相変わらず重い上に滑り易く取り回しづらい。


徐々に冷却プレートで埋まっていく分散盤。


最後の一枚をより慎重に注意しながら乗せるエル。

前回の交換時に冷却プレートを誤って床に落とし、その清掃中に転倒して全身ゲルまみれになったことが頭をよぎる。

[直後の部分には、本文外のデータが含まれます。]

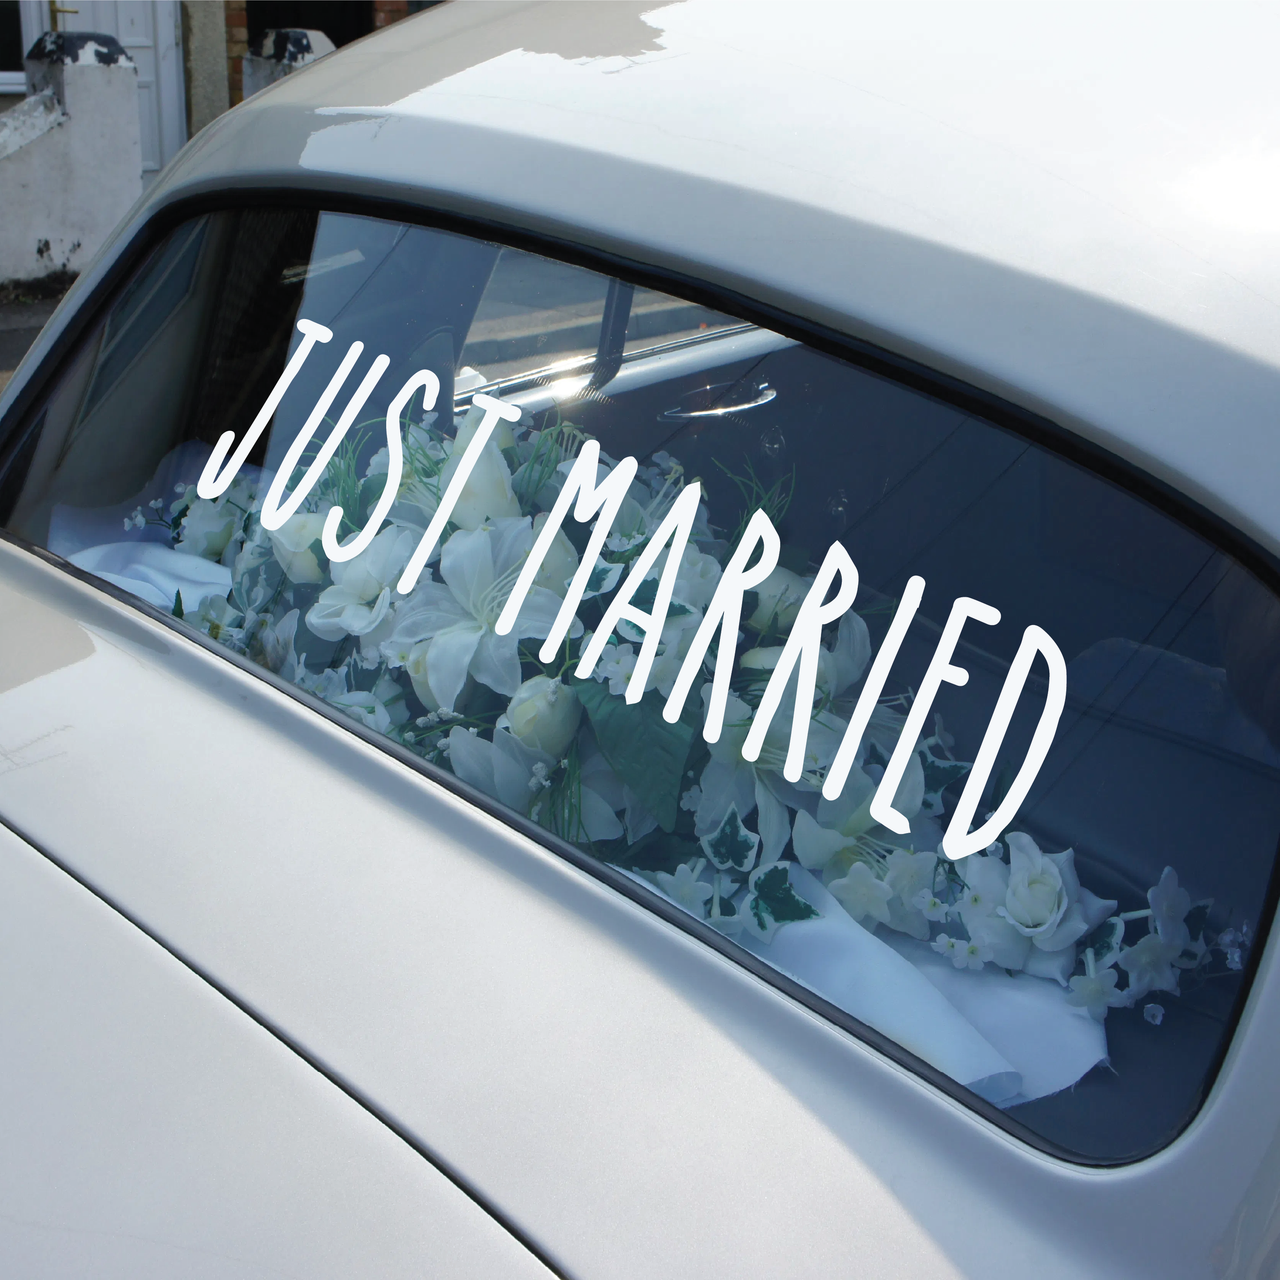 Just Married Wedding Car Decal Type 3

「もう嫌だかんな… あんな髪の色にはもう絶対ならん… (ブツブツ)」


「あれはあれでなかなかイイ色だったぞw」


気づくと車にもたれかかったVが言う。

作業に集中しているエル。

冷静な面持ちでそれに答える。


「全然良くなかったよ。せめてネオングリーンとかだったら良かった、、、っと、出来たーっ」


「まさかあんな反応するとは思わなかったな!化学ってのはおもれぇな!w さぁって、どれどれ、、、おぅ!イイ感じだな!ありがとよ、エル!」


「ちょっと組み方変えてみたから少しは長持ちするんじゃないかな?」


「ほぅ… そいつぁ助かるわ!」


分散盤に並べられた冷却プレートをチラッと見て軽く笑みがこぼれるV。

分散盤を変圧器に戻してロックをかけるエル。


「ネイルの再装填やっとくね。」


「お、気がきくな?代わってくれって言うかと思ったが…?」


「ここまで来たら全部やり切った方が気分いいしさ。任せといてーっ。」


そういうとクレーンで変圧器を車に戻すエル。

Vもそれをサポートしている様子が見える。


「V、下がってーっ!車動かすよ~!」


「おう!あとは任せたぞ~!」


エルが倉庫内の一角にあるロボットアームが並べられた場所へトラックを移動する。